Insbesondere ist der Zahnarzt verpflichtet,
a) seinen Beruf gewissenhaft und nach den Geboten der ärztlichen Ethik und der Menschlichkeit auszuüben,
b) die Regeln der zahnmedizinischen Wissenschaft zu beachten,
c) dem ihm im Zusammenhang mit dem Beruf entgegengebrachten Vertrauen zu entsprechen,
d) sein Wissen und Können in den Dienst der Vorsorge, der Erhaltung und der Wiederherstellung der Gesundheit zu stellen.
(3) Der Zahnarzt hat das Recht seiner Patienten auf freie Arztwahl zu achten.
(4) Der Zahnarzt kann die zahnärztliche Behandlung ablehnen, wenn
a) eine Behandlung nicht gewissenhaft und sachgerecht durchgeführt oder
b) die Behandlung ihm nach pflichtgemäßer Interessenabwägung nicht zugemutet werden kann oder
c) er der Überzeugung ist, dass das notwendige Vertrauensverhältnis zwischen ihm und dem Patienten nicht besteht.
Seine Verpflichtung, in Notfällen zu helfen, bleibt davon unberührt.
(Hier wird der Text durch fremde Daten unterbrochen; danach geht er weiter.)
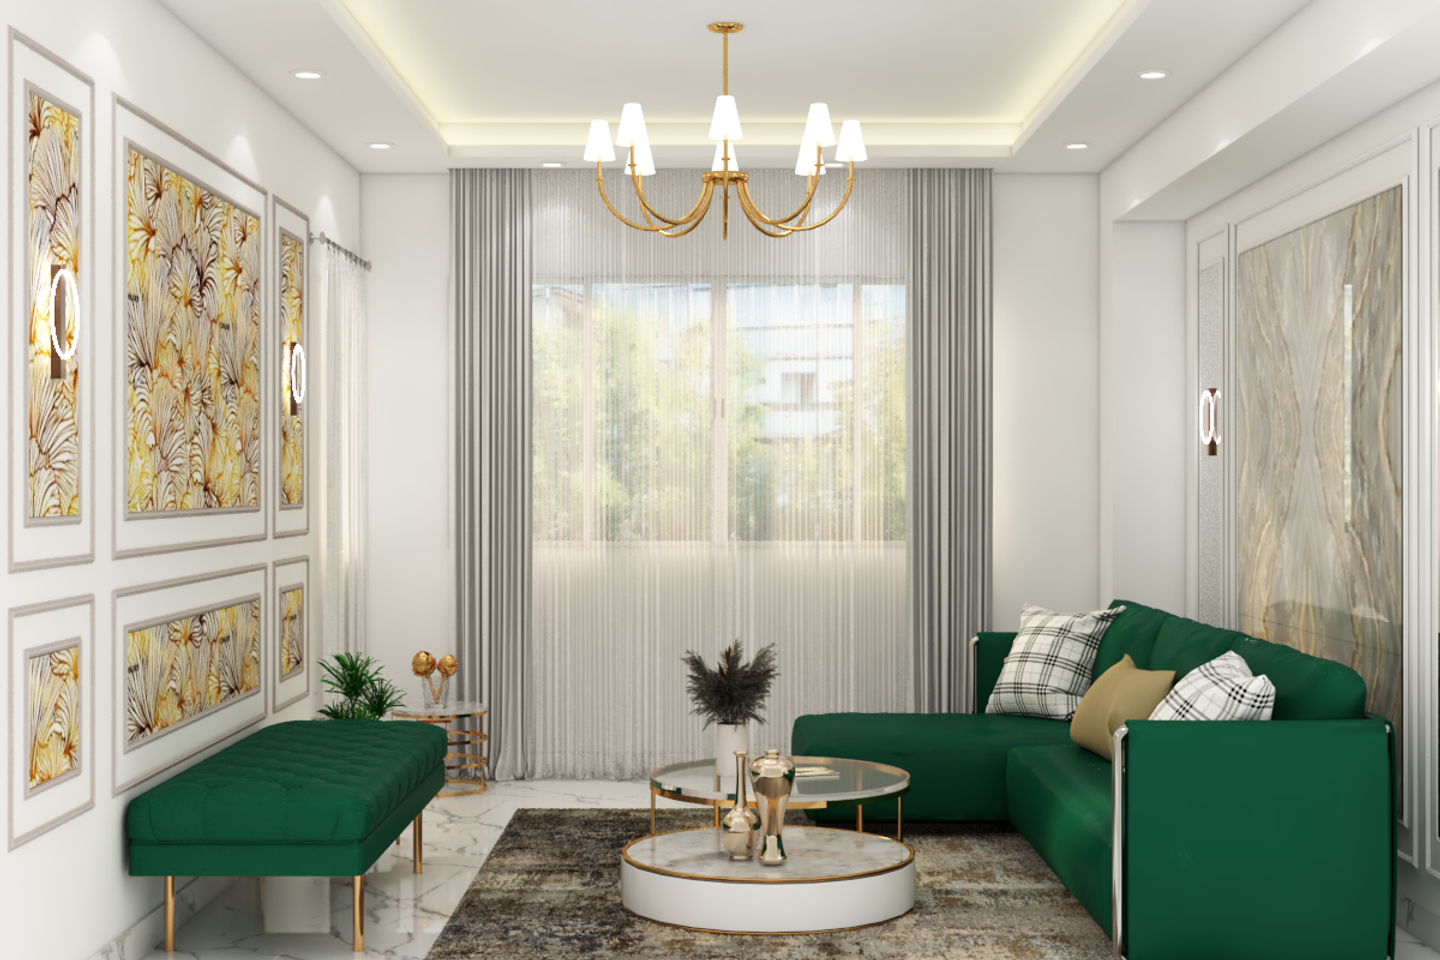 Contemporary Living Room Design Idea - Livspace

(5) Der Zahnarzt ist verpflichtet, die ihm aus seiner zahnärztlichen Behandlungstätigkeit bekannt werdenden unerwünschten Arzneimittelwirkungen der Arzneimittelkommission der deutschen Zahnärzteschaft mitzuteilen.
(6) Dem Zahnarzt ist es nicht gestattet, für die Verordnung und Empfehlung von Heil- oder Hilfsmitteln sowie Materialien und Geräten von dem Hersteller oder Händler eine Vergütung oder sonstige wirtschaftliche Vergünstigung zu fordern oder anzunehmen.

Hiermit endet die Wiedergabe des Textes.